### [WORK TO BE COMPLETED]
Would you repeat the listing exactly but omit every picture?

### [GIVEN DATA]
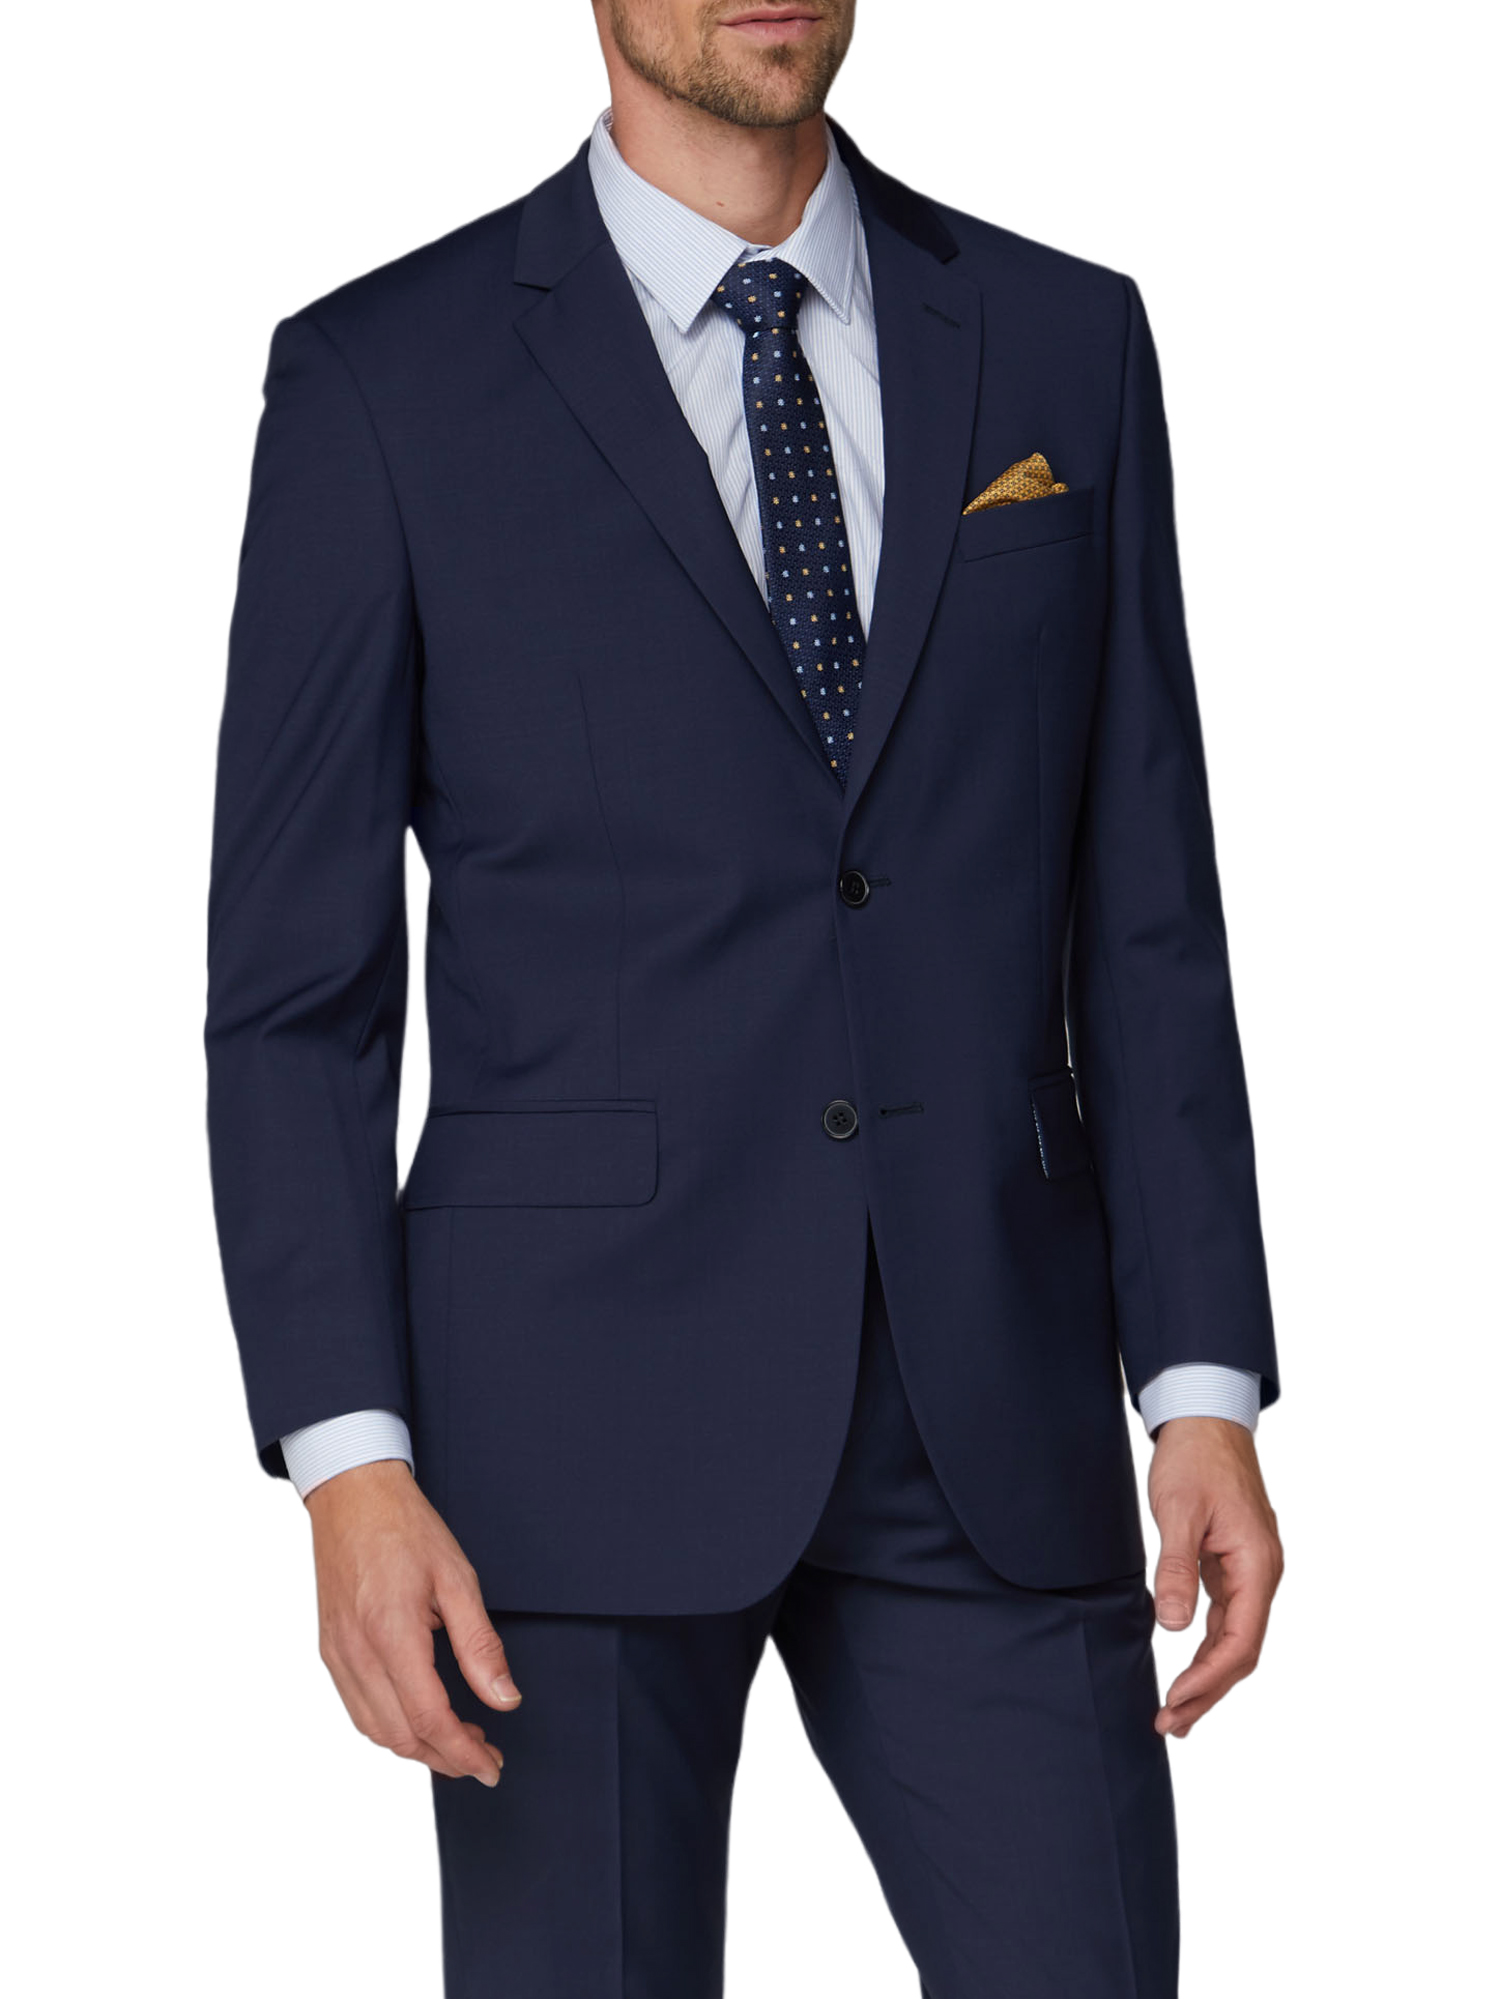 Navy Blue Plain Twill Regular Fit Suit - Two Piece Suits - Alexandre London
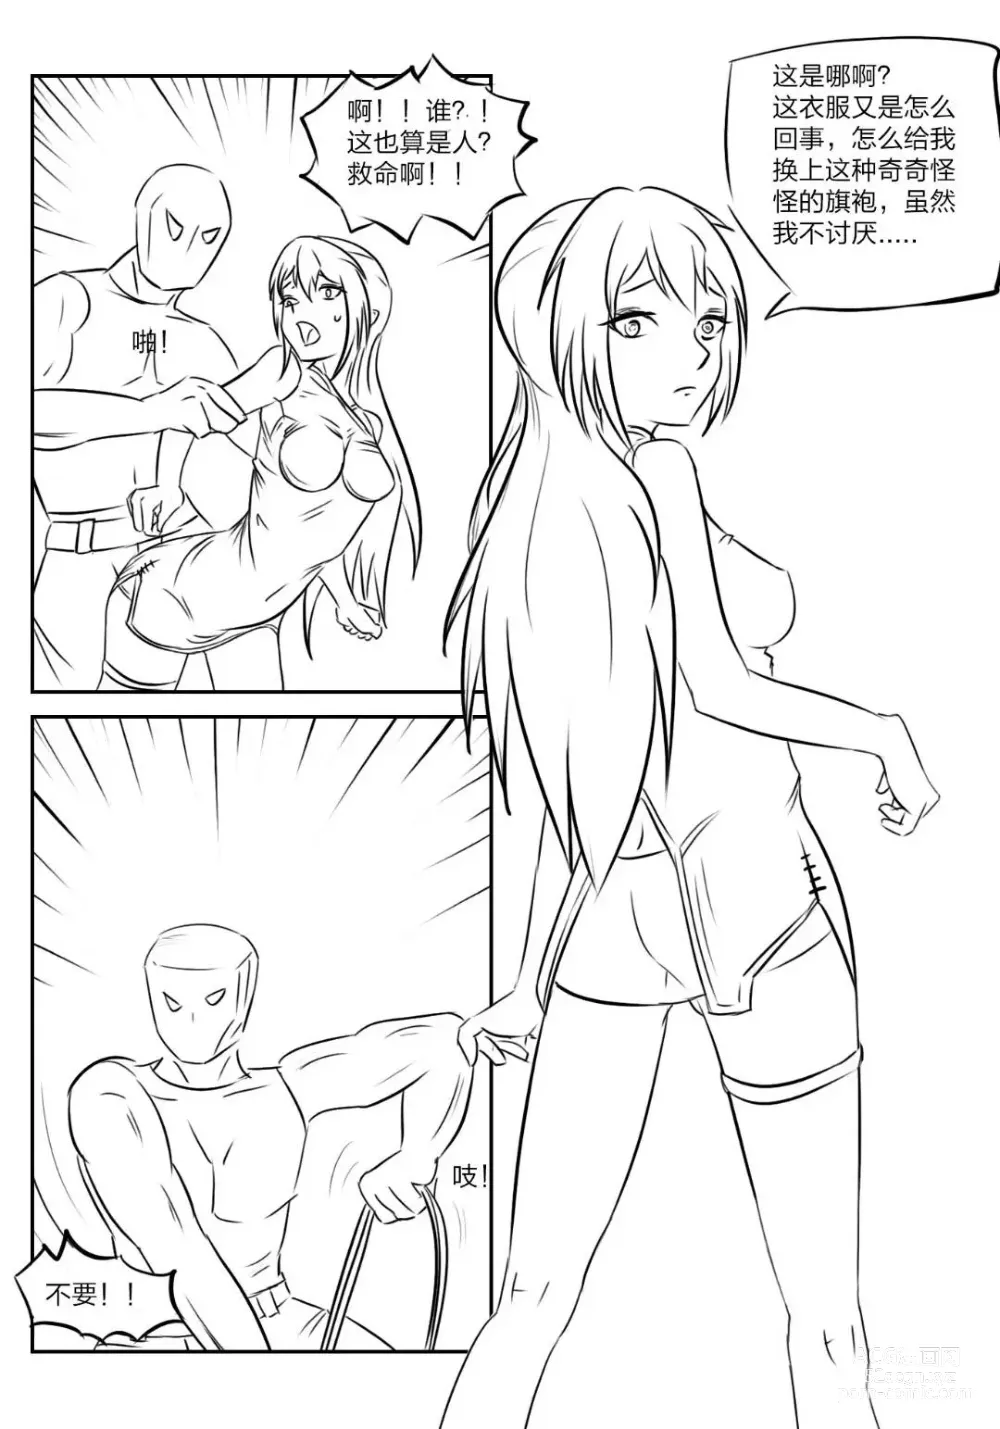 Page 4 of doujinshi 《被困游戏世界》
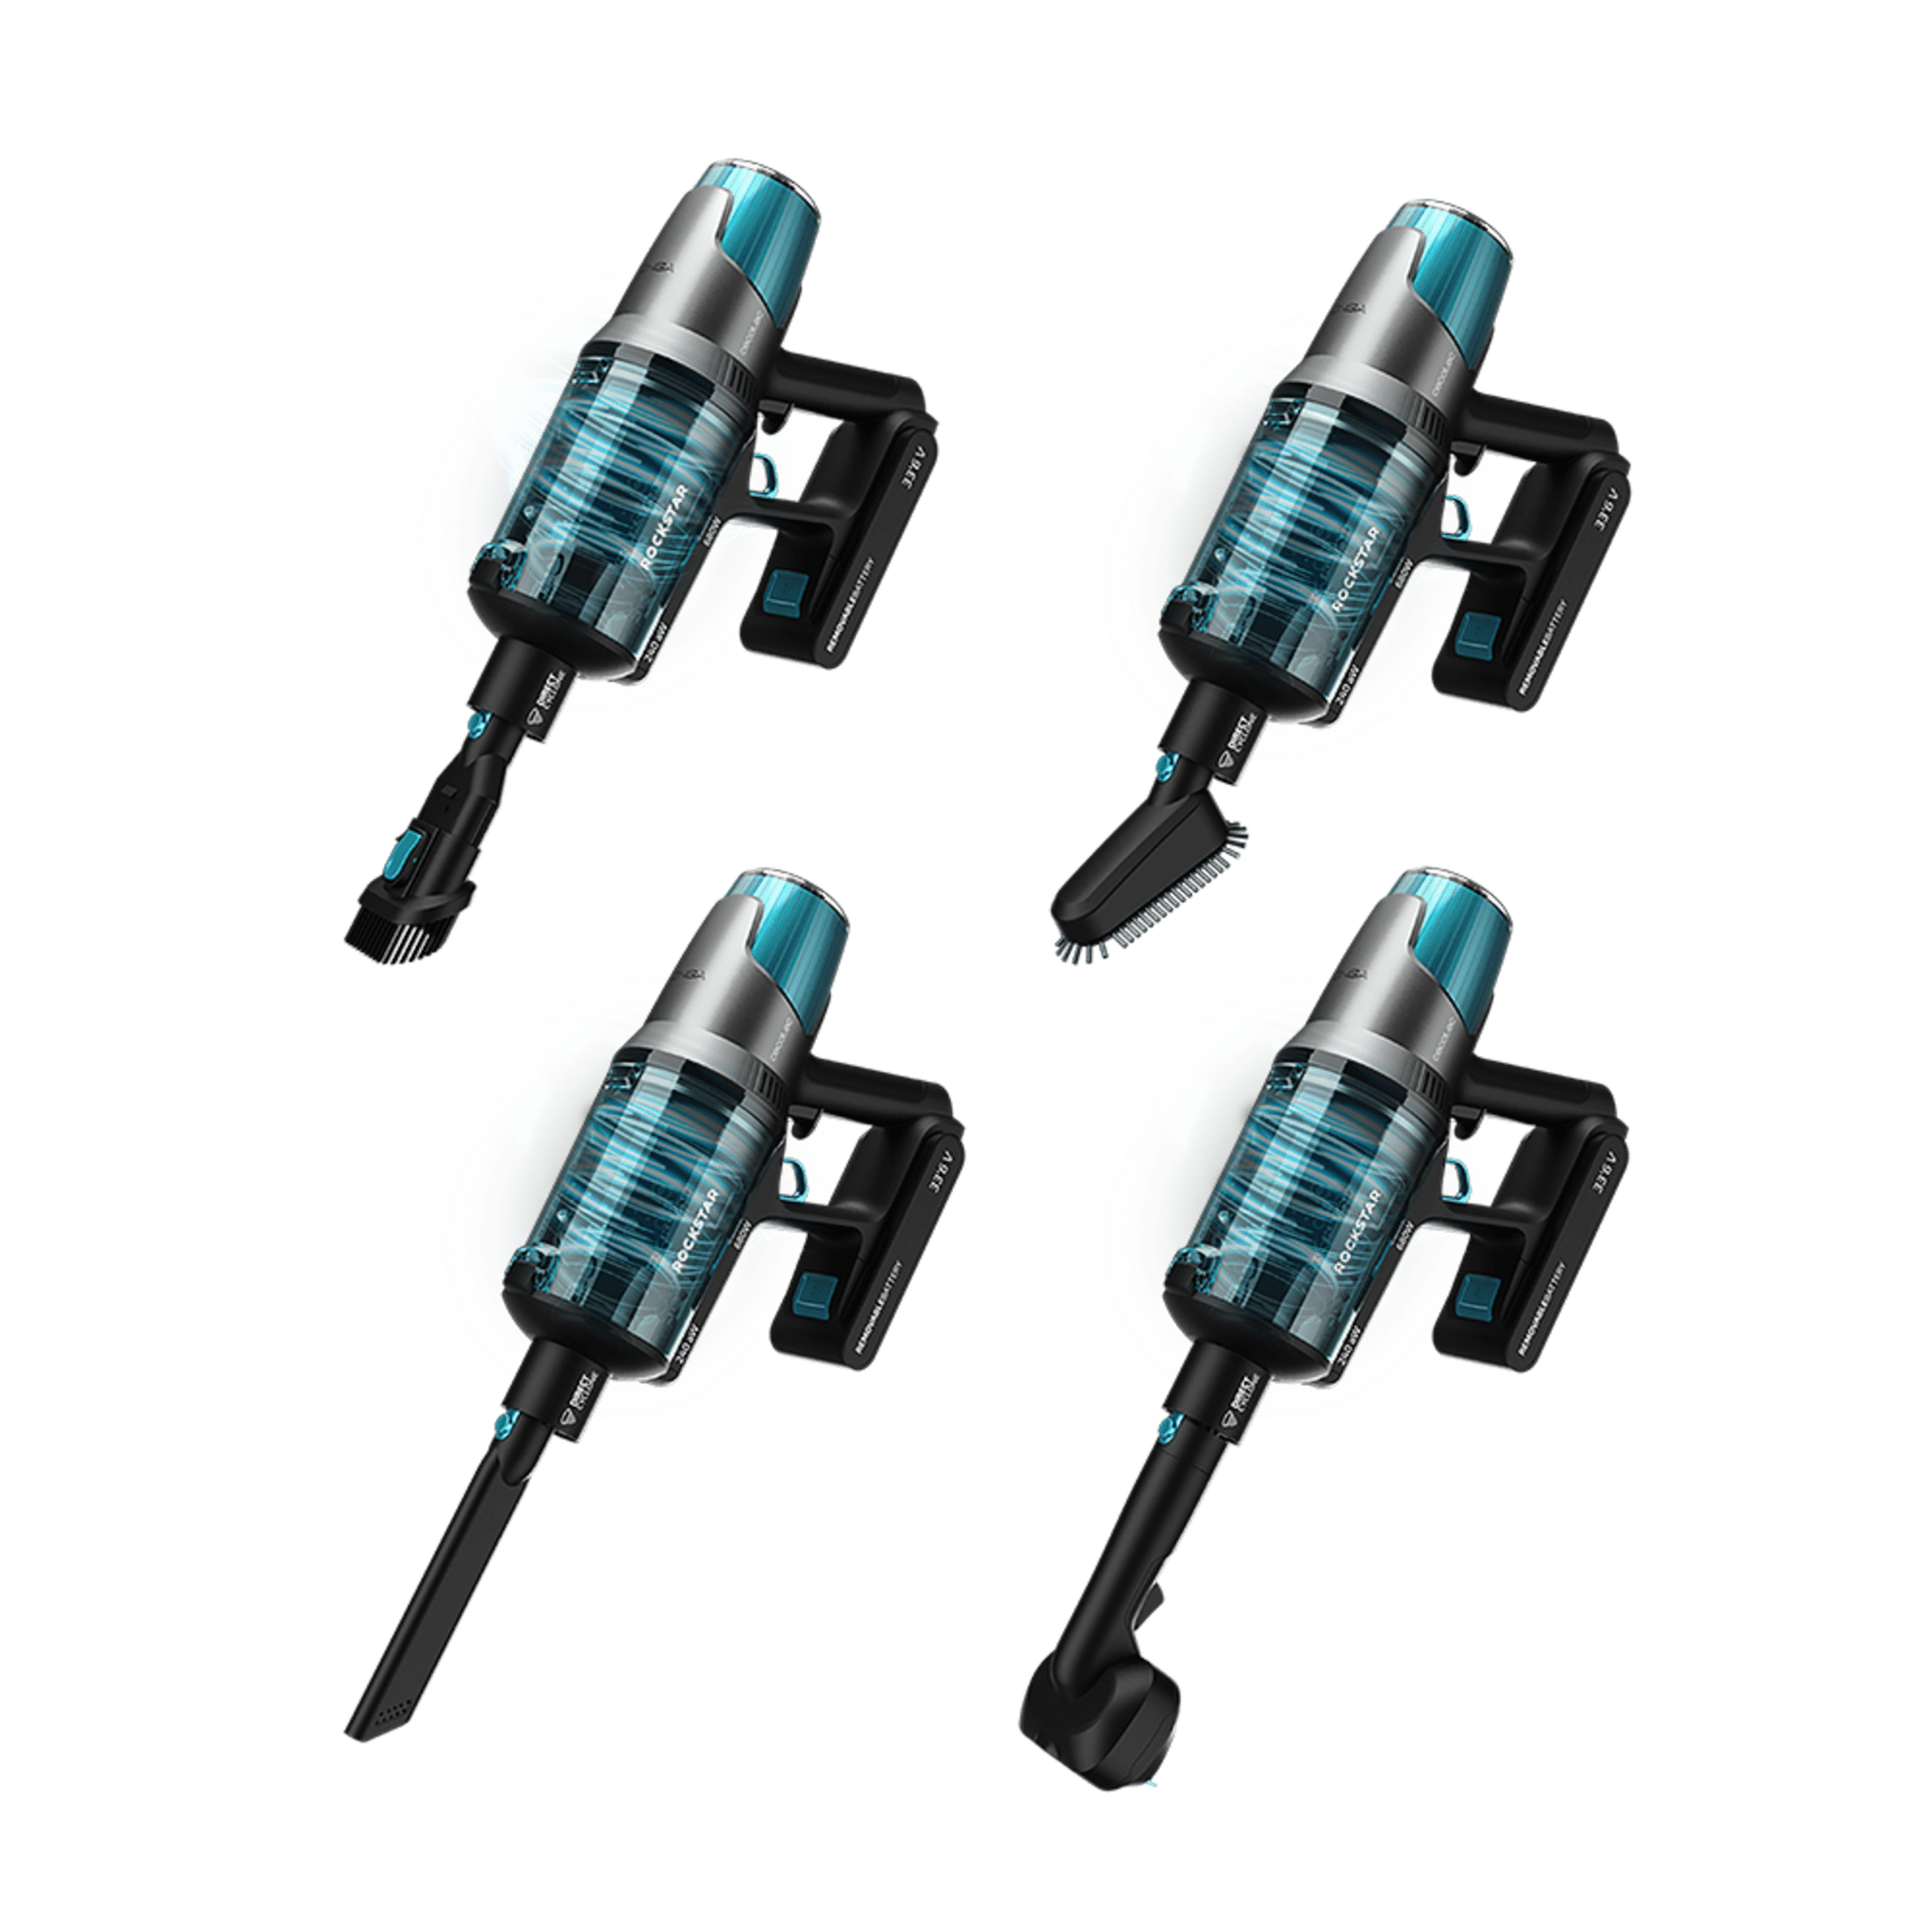 Aspirador vertical Cecotec Conga Rockstar 7500 Astral Jaliscazo Animal 680W  4 en 1 azul

### [REPLY]
 Navy Blue Plain Twill Regular Fit Suit - Two Piece Suits - Alexandre London
 Page 4 of doujinshi 《被困游戏世界》
 Aspirador vertical Cecotec Conga Rockstar 7500 Astral Jaliscazo Animal 680W  4 en 1 azul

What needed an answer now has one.